▶ [Task goal]
Would you output the lines from the one with "Children play next" through the last line of the material below, exactly, but without pictures?
(Beginning of Recorded information)
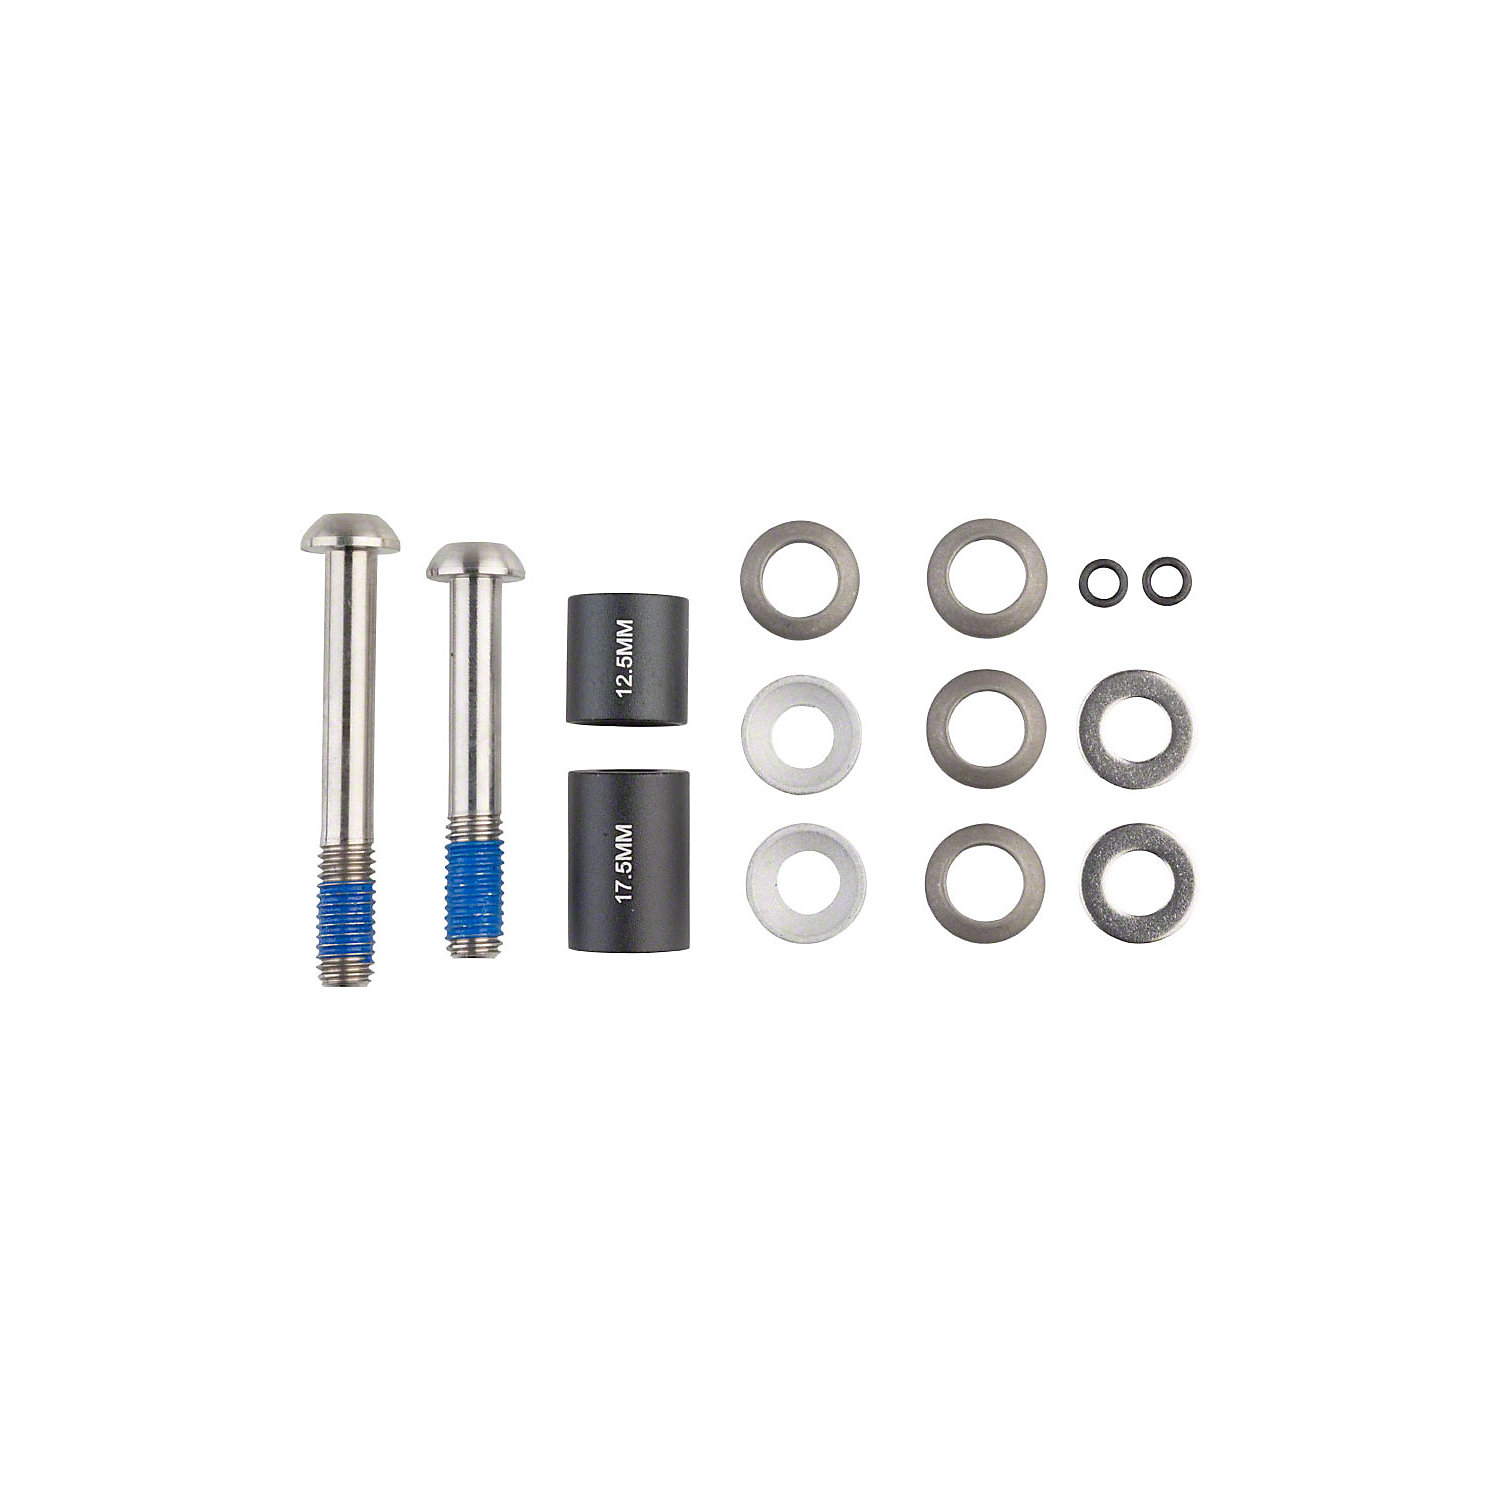 Avid 20mm Disc Post Spacer Kit with Titanium Standard Bolts
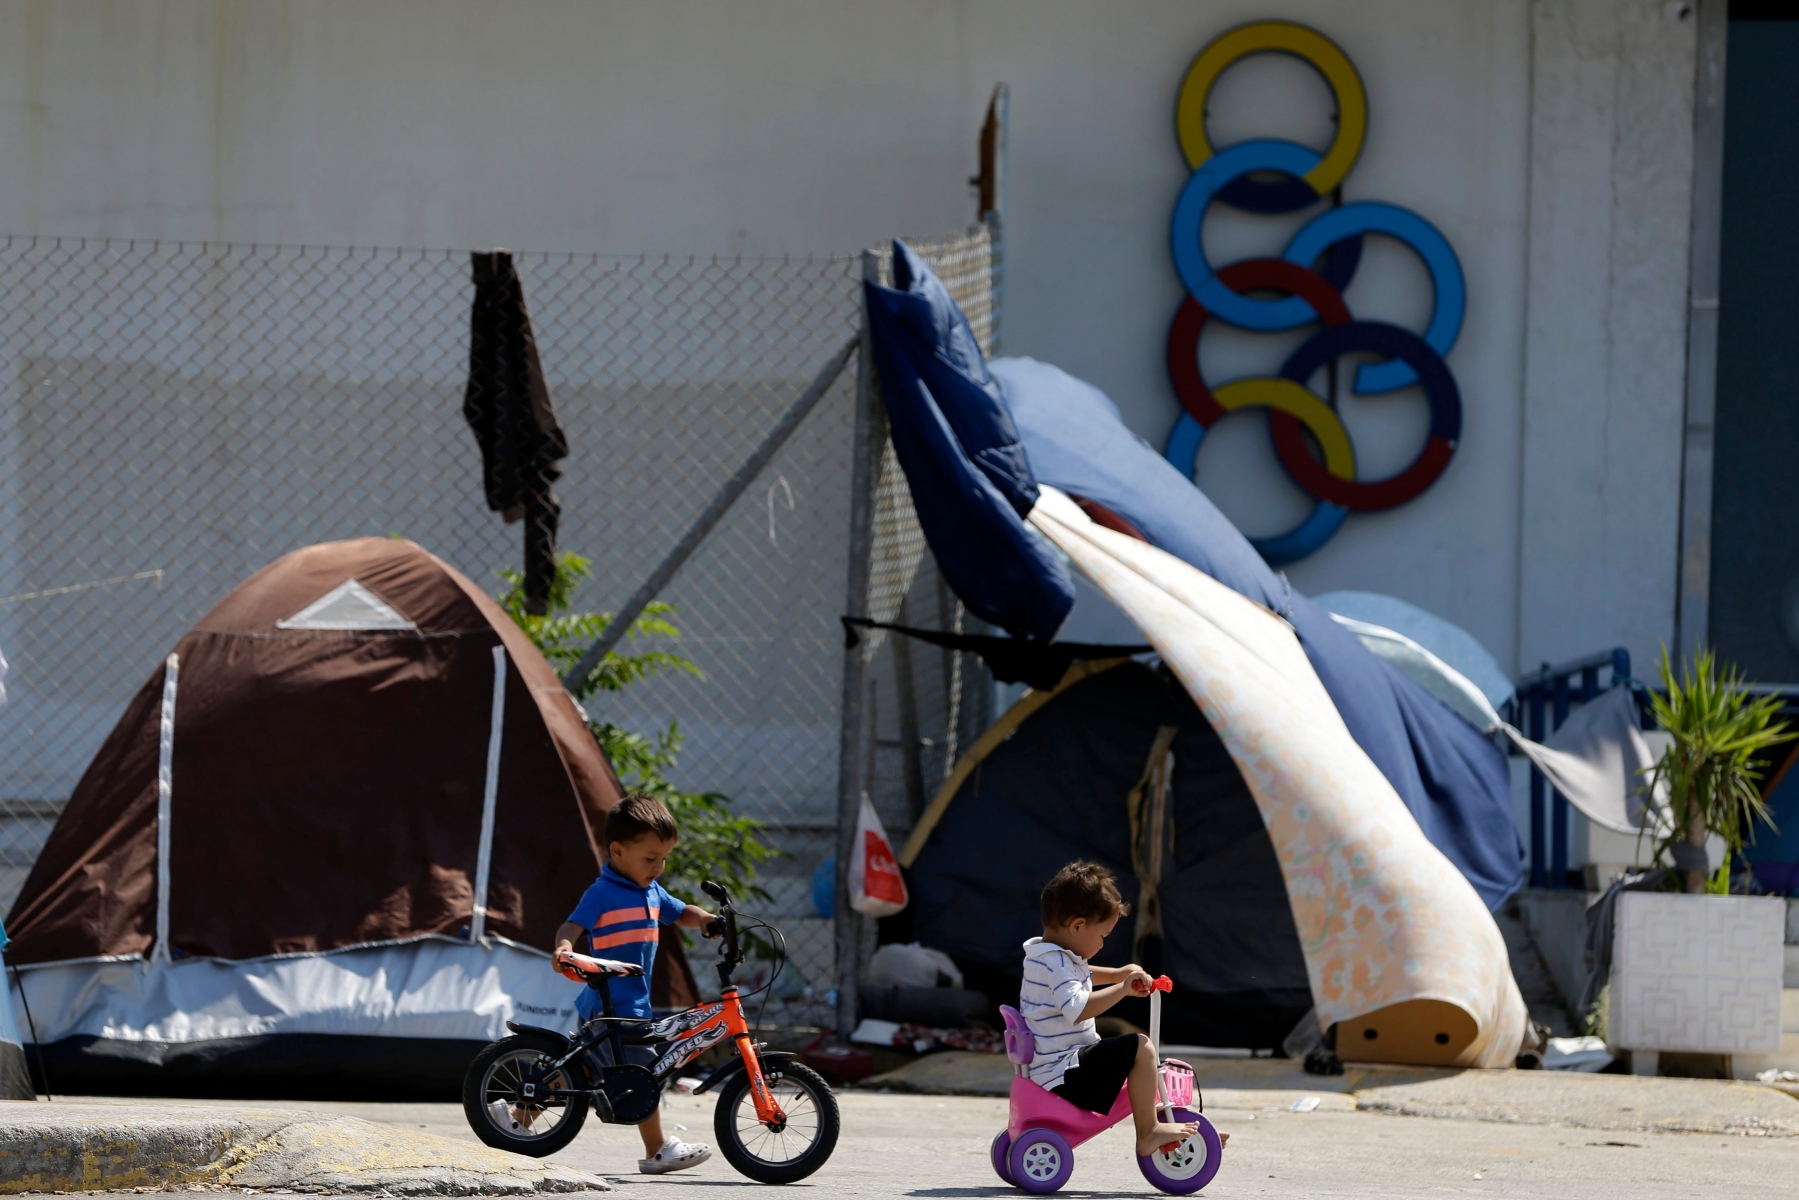 Children play next to a logo of Olympic Air at the old international airport, which is used as a shelter for over 2,800 refugees and migrants, in southern Athens, on Thursday, Aug. 4, 2016. Daily arrivals by migrants and refugees at Greek islands near the Turkish coast have remained low since the July 15 coup attempt, but about 57,000 people remain stranded in Greece, most in army-built camps on the mainland. (AP Photo/Thanassis Stavrakis) Greece Migrants
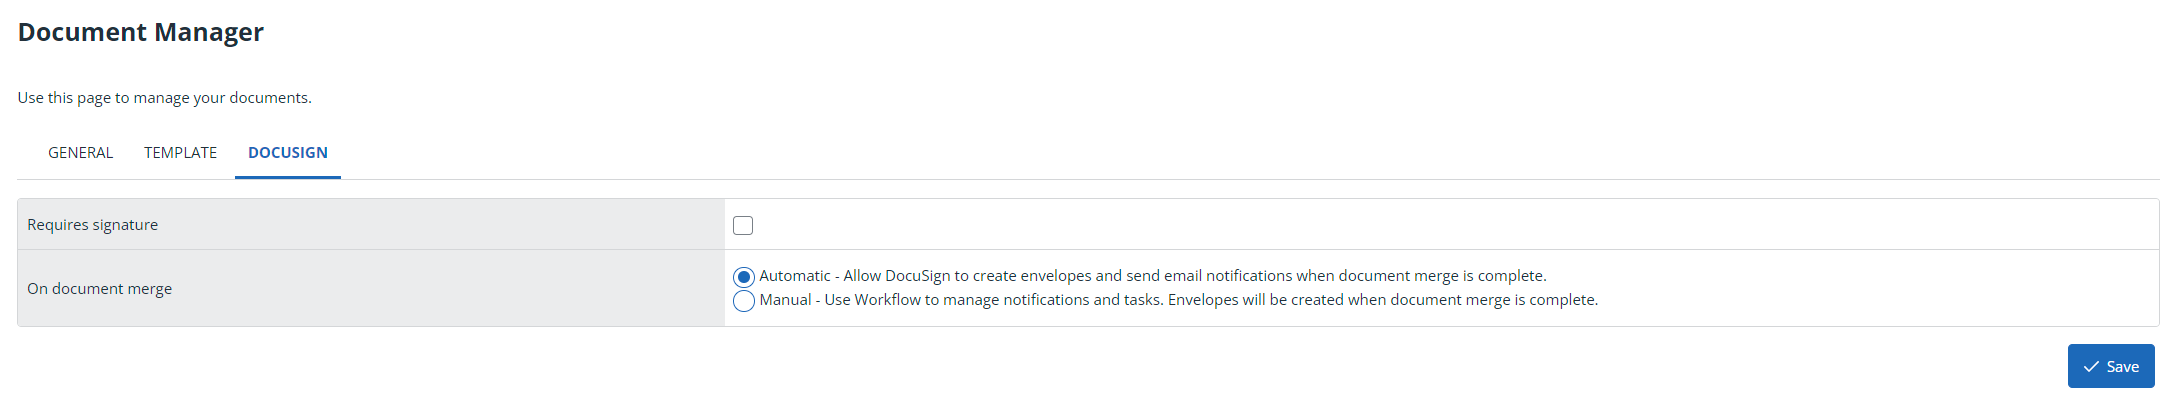 Docusign tab on document manager.
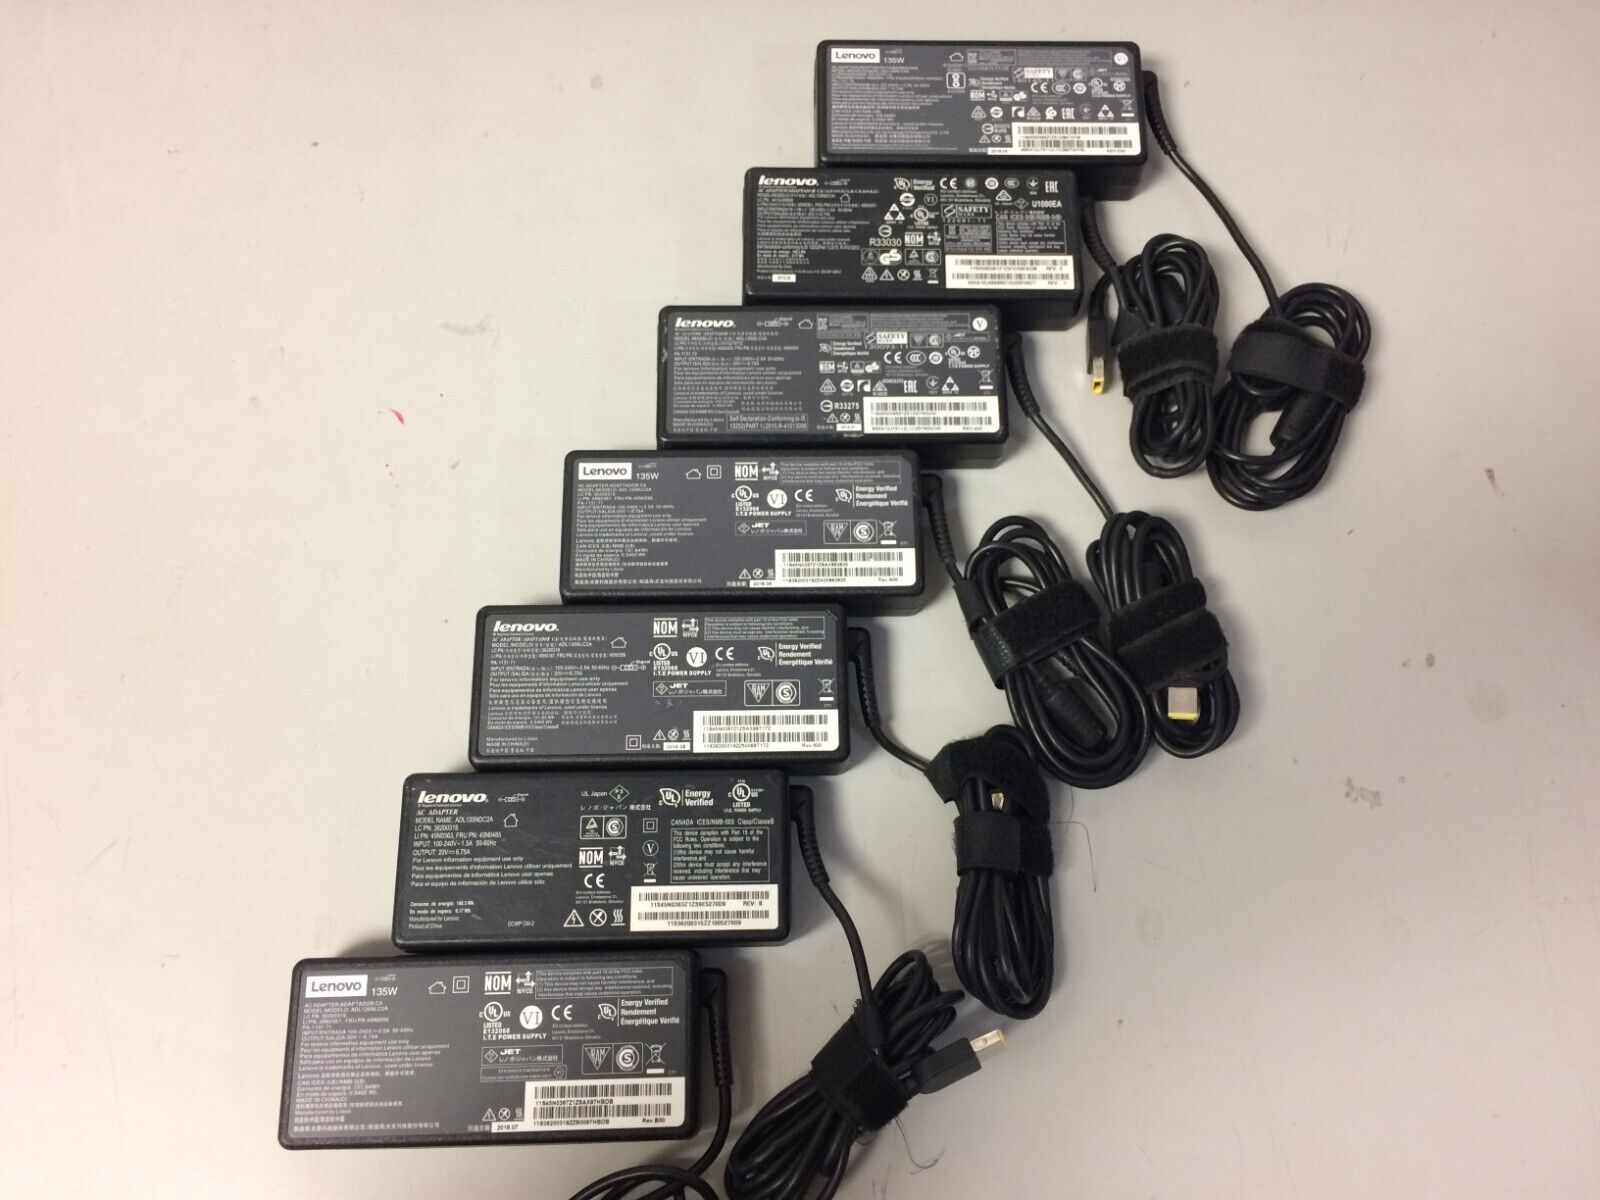 LOT of 7 OEM Lenovo 135W 20V 6.75A AC Power Adapters (Square/Rectangle Jack)
(End of Recorded information)
▶ [Answer box]
 Children play next to a logo of Olympic Air at the old international airport, which is used as a shelter for over 2,800 refugees and migrants, in southern Athens, on Thursday, Aug. 4, 2016. Daily arrivals by migrants and refugees at Greek islands near the Turkish coast have remained low since the July 15 coup attempt, but about 57,000 people remain stranded in Greece, most in army-built camps on the mainland. (AP Photo/Thanassis Stavrakis) Greece Migrants
 Docusign tab on document manager.
 LOT of 7 OEM Lenovo 135W 20V 6.75A AC Power Adapters (Square/Rectangle Jack)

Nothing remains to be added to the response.